British fears ended in 1907 and the Great Game came to a close in 1907 when Britain and Russia became military allies (with France). They made three Anglo-Russian agreements which delineated spheres of interest between British India and Russian Central Asia in the borderland areas of Persia, Afghanistan, and Tibet. However historian Elena Andreeva sets the endpoint with the Bolshevik Revolution in 1917 and the temporary end of Russia's interest in Persia. Konstantin Penzev has stated, echoing Kipling's fictional summary ("When everyone is dead, the Great Game is finished.
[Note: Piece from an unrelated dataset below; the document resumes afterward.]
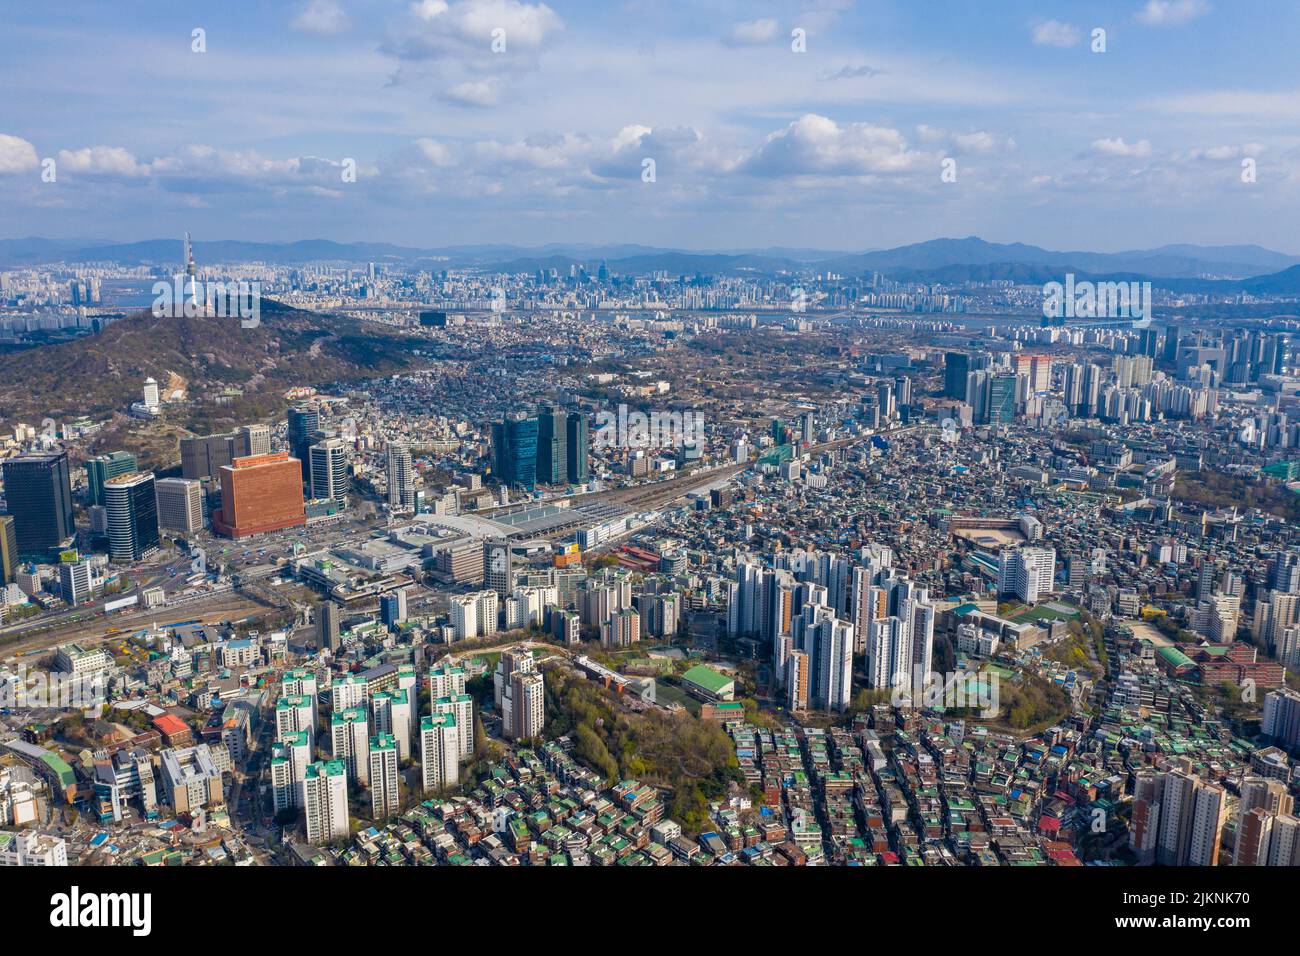 An aerial cityscape of Seoul surrounded by buildings under blue bright sky Stock Photo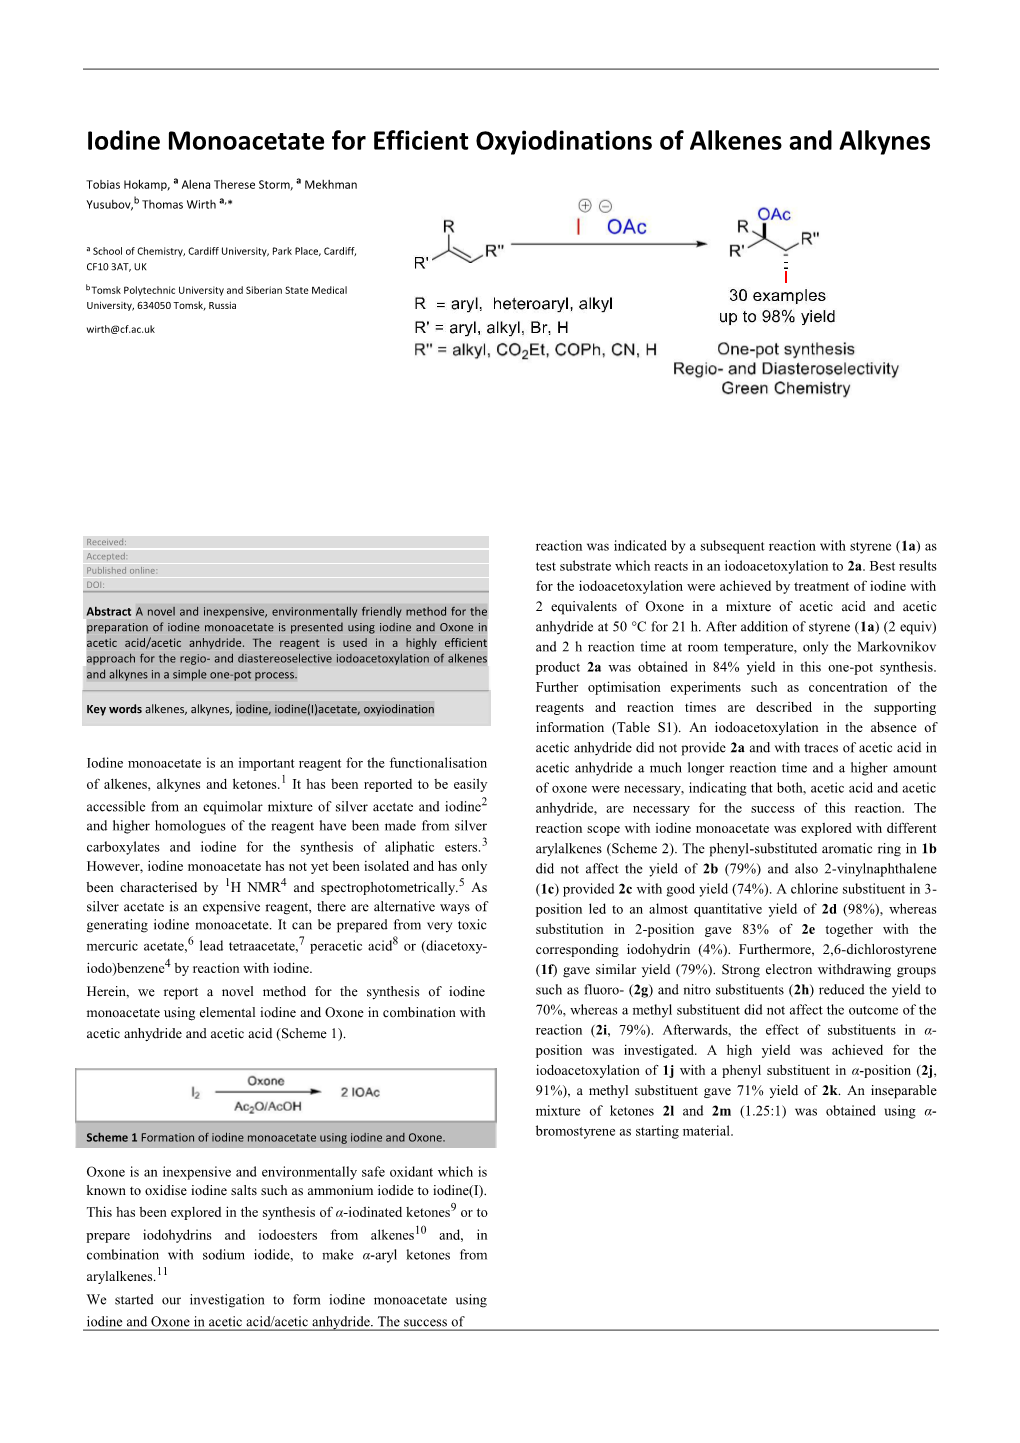 Iodine Monoacetate for Efficient Oxyiodinations of Alkenes and Alkynes

Not before."), that unofficially the Great Game in Central Asia will never end.

===Soviet Great Game===
According to German historian David X. Noack, the Great Game resumed from 1919 to 1933 as a conflict between Britain and the Soviet Union, with the Weimar Republic and Japan as additional players. Noack calls it a "Second Tournament of Shadows" over the territory composing the border of British India, China, the Soviet Union and Japanese Manchuria. To Britain, the Germans initially appeared to be a secret Soviet ally. In 1933–1934 it "ended with Mongolia, Soviet Central Asia, Tannu-Tuva and Xinjiang isolated from non-Soviet influence." Authors Andrei Znamenski and Alexandre Andreyev also describe the continuation of elements of the Great Game by the Soviet Union until the 1930s, focused on secret diplomacy and espionage in Tibet and Mongolia.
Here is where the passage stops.